Note: cross-board figures are not apples to apples—storage, clocks, device trees, rootfs, and target criteria all differ—so use them as directional references.
Practical guide to reduce userspace time on BeagleBoard BeaglePlay
Low‑hanging fruit
- Remove the initramfs if your kernel has required drivers built‑in; this often shaves seconds on Sitara/AM62x.
- Turn off unused systemd services (demos, extra networking, logging bloat).
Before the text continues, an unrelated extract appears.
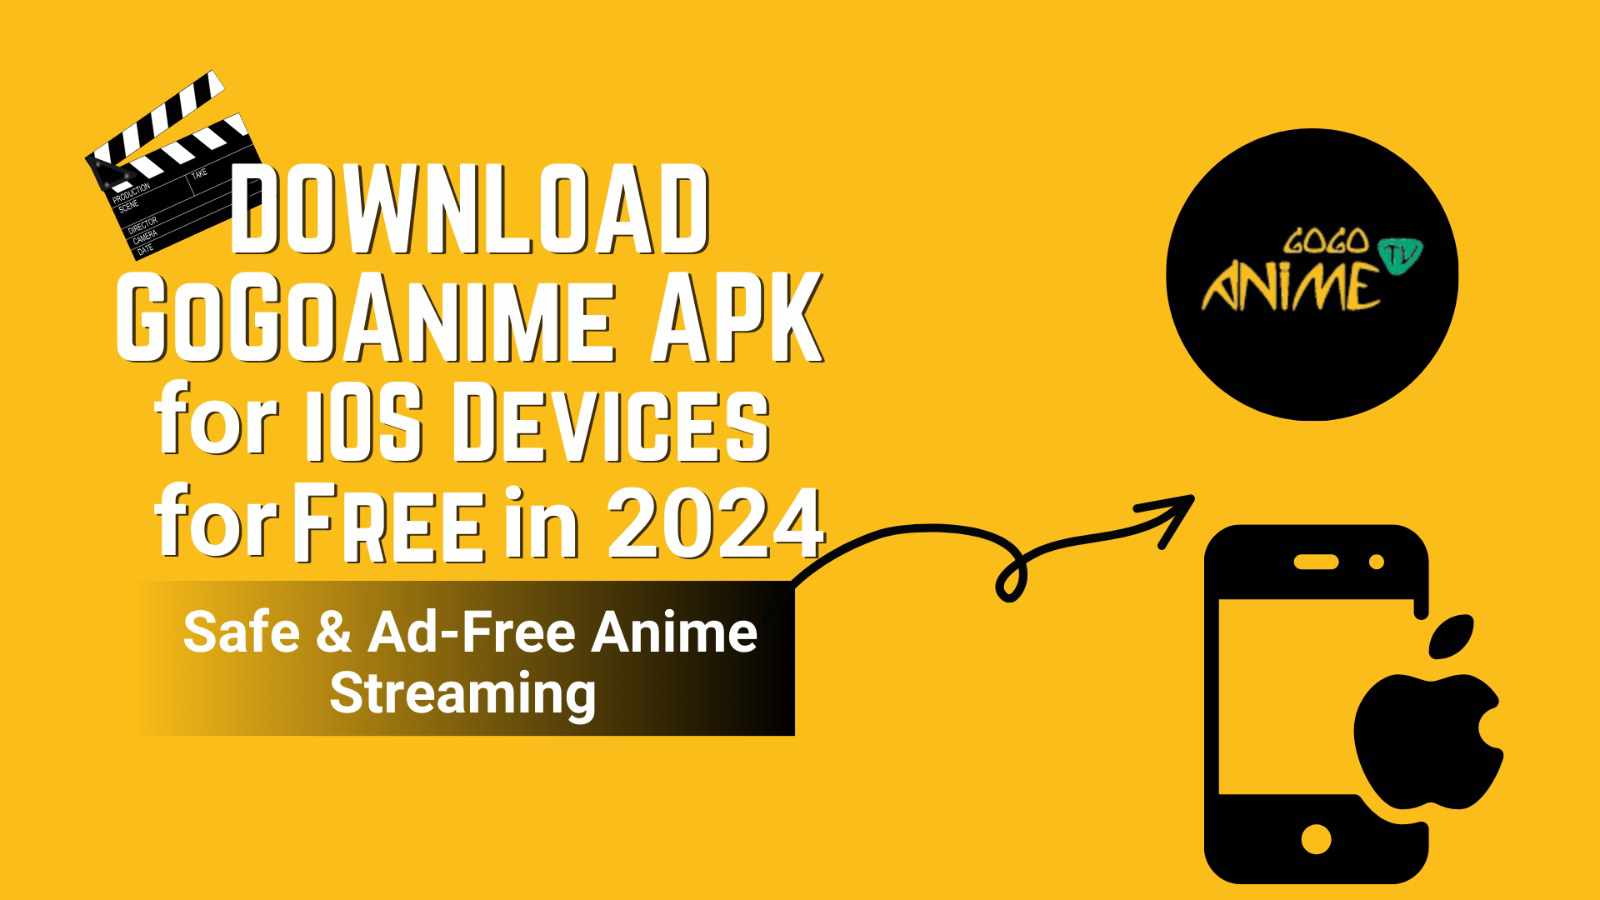 Download Gogoanime APK for iOS Devices for Free in 2024

- Trim udev and device discovery: blacklist unused modules; defer cold‑plug where safe.
Kernel / bootloader
- Build‑in essential drivers (MMC, rootfs, console), use a lean DTB, and choose a faster compression (e.g., LZ4 often boots faster than gzip on ARM).
- Consider SPL → Linux (Falcon‑style) paths if appropriate to skip the full U‑Boot menu stage.
Filesystem & storage
- Use a read‑only rootfs for production, tune mount options, and pick a filesystem aligned with your workload to reduce early userspace cost.
Service orchestration
- Profile with
systemd-analyze blame
andcritical-chain
; start only what’s needed for your “ready” criterion; mark non‑critical services asType=idle
or order them after your target.
How to reproduce these measures
- Run many boots per config. This dataset uses 41 boots per snapshot, which is a good minimum for tight confidence intervals.
- Aggregate to means/CI. Report mean/SD/min/max and 95% CI per snapshot; treat deltas below ~100–200 ms with caution.
- Graphing. Prefer integer ticks on the X‑axis (config indices) and export at high resolution:
Appendix: selected per‑config summaries (means over N = 41)
- 00.0: kernel 4.072 s, userspace 15.201 s, total 19.273 s; Image 34.15 MiB.
- 29.0 (best): kernel 1.974 s, userspace 13.968 s, total 15.943 s; Image 12.02 MiB.
- 30.0 (latest): kernel 1.978 s, userspace 13.995 s, total 15.974 s; Image 11.96 MiB.